Kindle 3: e-book readers come of age

Have you been debating the best e-reader to buy? Wondering if this is just a bizarre fad or the future or reading? iPad, Nook, Kindle? Here are a few choice samplings from Ars Technica’s review of the Amazon Kindle 3.

During a stint in California, I once wandered into a ramshackle San Diego bookstore and began browsing the back shelves in search of dusty treasures. After some time, the owner—who appeared to be an aging hippie—popped up at my side like an apparition, giving me a terrific start. He talked at me about his store. “I don’t sell books,” he said, leaning uncomfortably close. “I smell books.” To prove his point, he took a volume off the shelf, pulled it to his nostrils, and inhaled deeply, lovingly, bibliophilically—the book as bong hit.

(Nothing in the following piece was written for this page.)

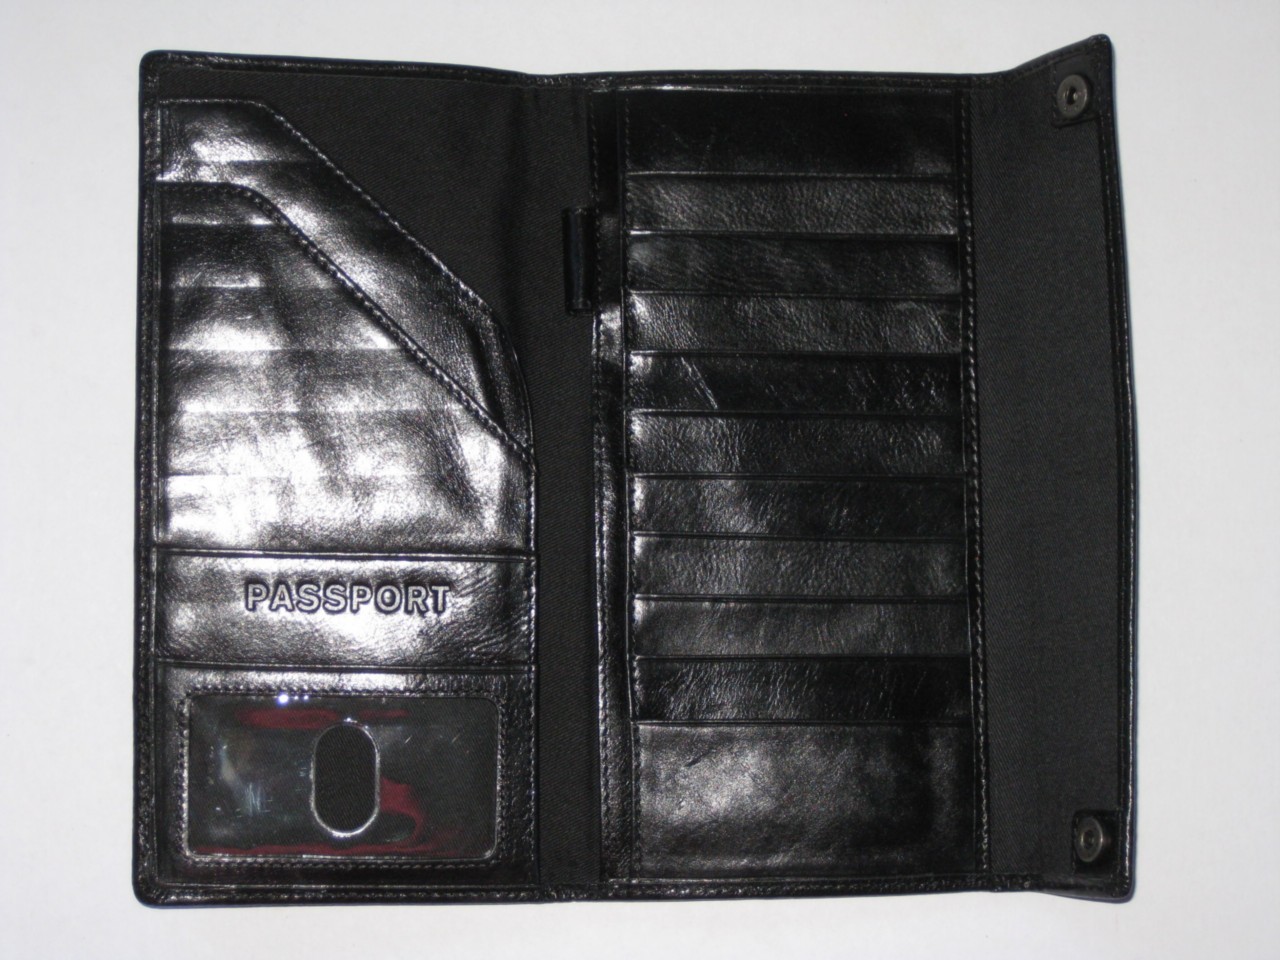 NWT Authentic Fossil Transit Passport Travel Document Wallet Black ...
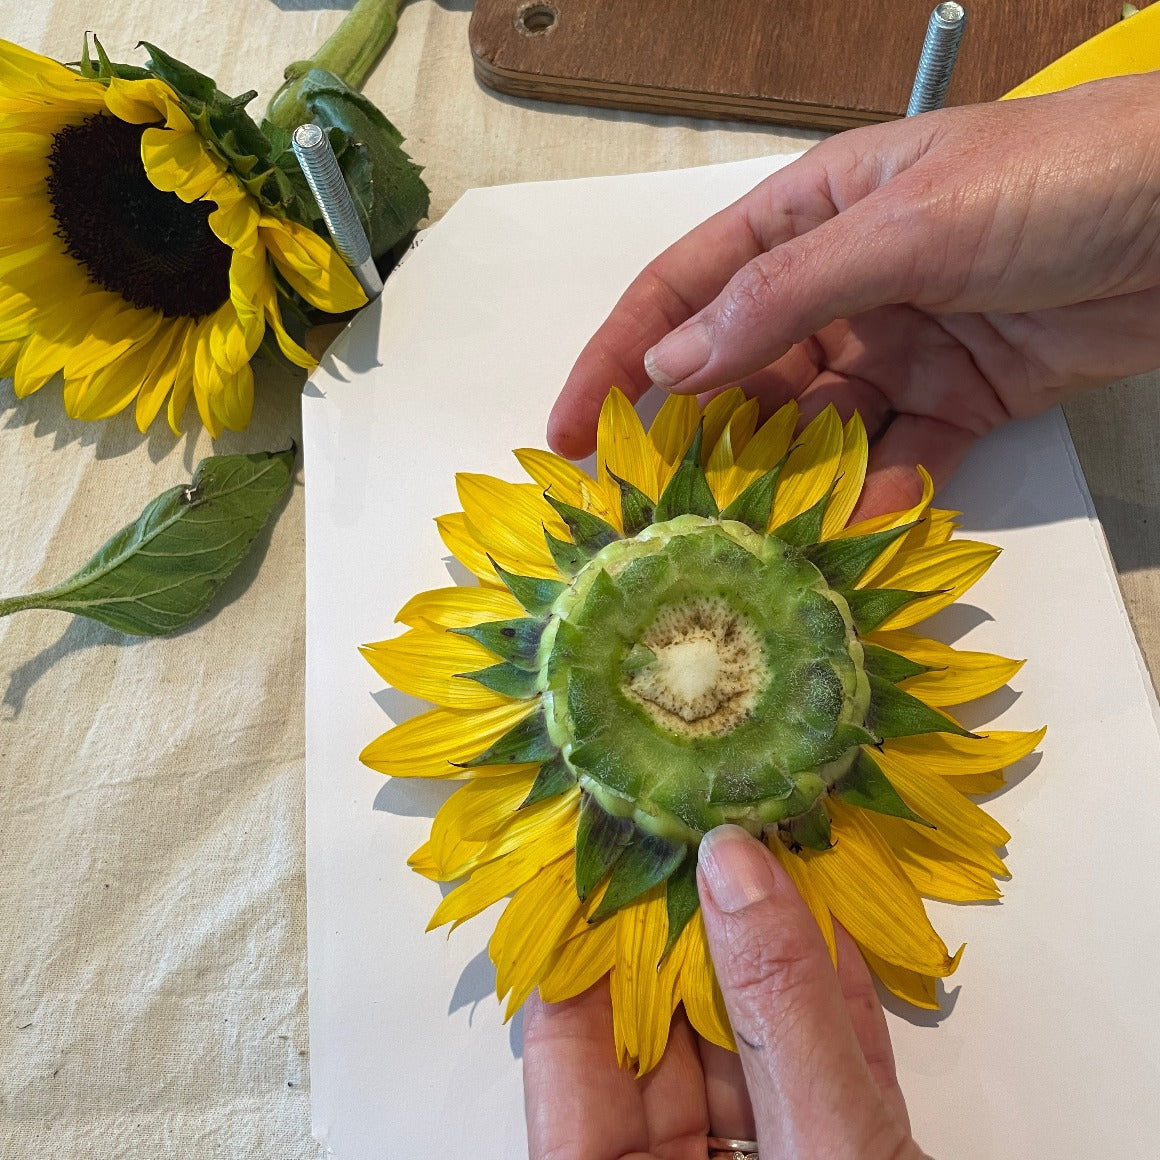 learn how to press a sunflower whole, preserve a sunflower

It’s not all good news. The Kindle interface still feels like something that escaped from 1985 and time-traveled into the future. Text-based interface with no mouse or touchscreen? Black-and-white screen? Small delays between issuing commands and seeing their results? Check, check, and check—and if you try to do much with the Kindle beyond straight, front-to-back reading, these limitations will feel… limiting.

All the same words were there, but the experience was strangely sterile. My California booksmeller would have understood. Whatever e-books are and however useful they may be, they aren’t “books.” Instead, we get the content with little to no attention to form and to design. Everything about a book is distilled into odorless words; all else is waste to be thrown away.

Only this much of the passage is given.